Rose is making iterations of slime—metallic, glittery, cloud-like—while speaking to her audience in informative Youtube-esque tones. “Hi Guys, I’m back with a really cool version of butter slime.” Her audience is a foster dog, and maybe a small percentage of Col’s brain, the part not engaged in drawing a comic strip.

Col: So, Mom. In my comic the guy just got zapped with F8 and now he’s bad so he started attacking everyone on the island. What should happen next?

Me: Mmm. How bout some part of him realizes that he just hurt people he didn’t want to hurt and he feels a little bit sad about it.

Col: (eyeroll + groan) Mommmmm…

Slime making fest.

How to make an 800 sf house seem smaller: add a foster dog.

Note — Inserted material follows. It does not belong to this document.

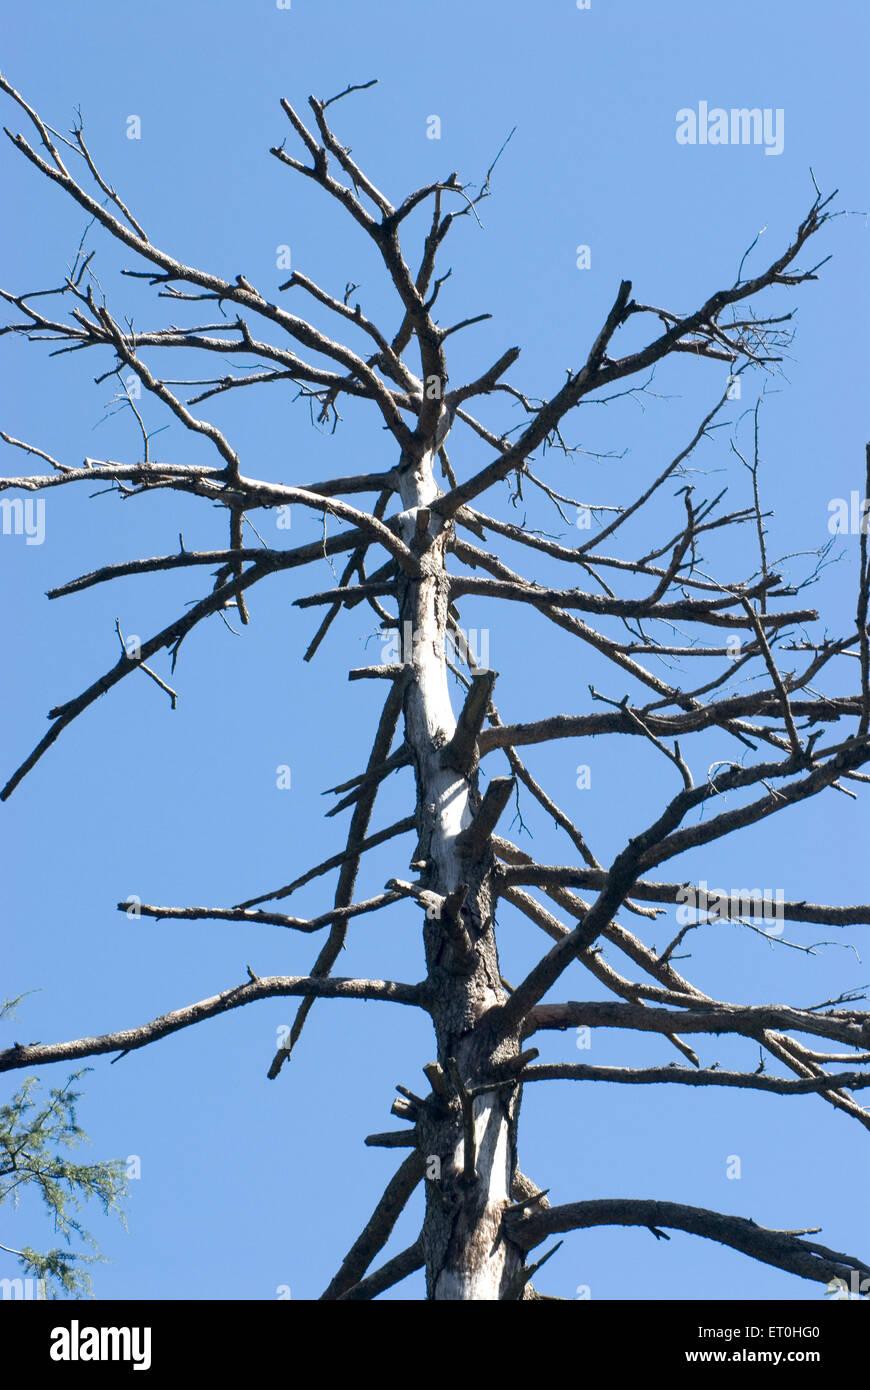 Silver birch tree without leaf at khajjair ; Himachal Pradesh ; India - Stock Image

How to make an 800sf house seem bigger: keep a xmas tree in your house for 1 1/2 months, then remove it!

Outside it is snowing. It has snowed so much this winter that a new music has encoded itself into my brain: the sound of shovels scraping sidewalk, which has become a neighborhood call and response. Outside, life is simple: bend at the knees; scrape and fling. Swishing through snow, alone, on my ancient nordic gear, has been a refuge. 

The hide tanning process does not stop for snow.

Inside, life is a bit more complicated. Mostly, I’m celebrating through gritted teeth all the opportunities I’m being given to not foist all my great ideas on my children. This requires deep childbirth breathing and holding the fierce animal of my agenda back while allowing my kids to do it their way. Sometimes this means that they choose the thing that doesn’t quite seem to be working for them. And I get to muzzle the stampeding buffalo herd of my own helpful advice, while getting curious about what their choices feel like to them, so that if they want to change things up it is their voice, not mine, that guides them. Because that is the voice they will live with.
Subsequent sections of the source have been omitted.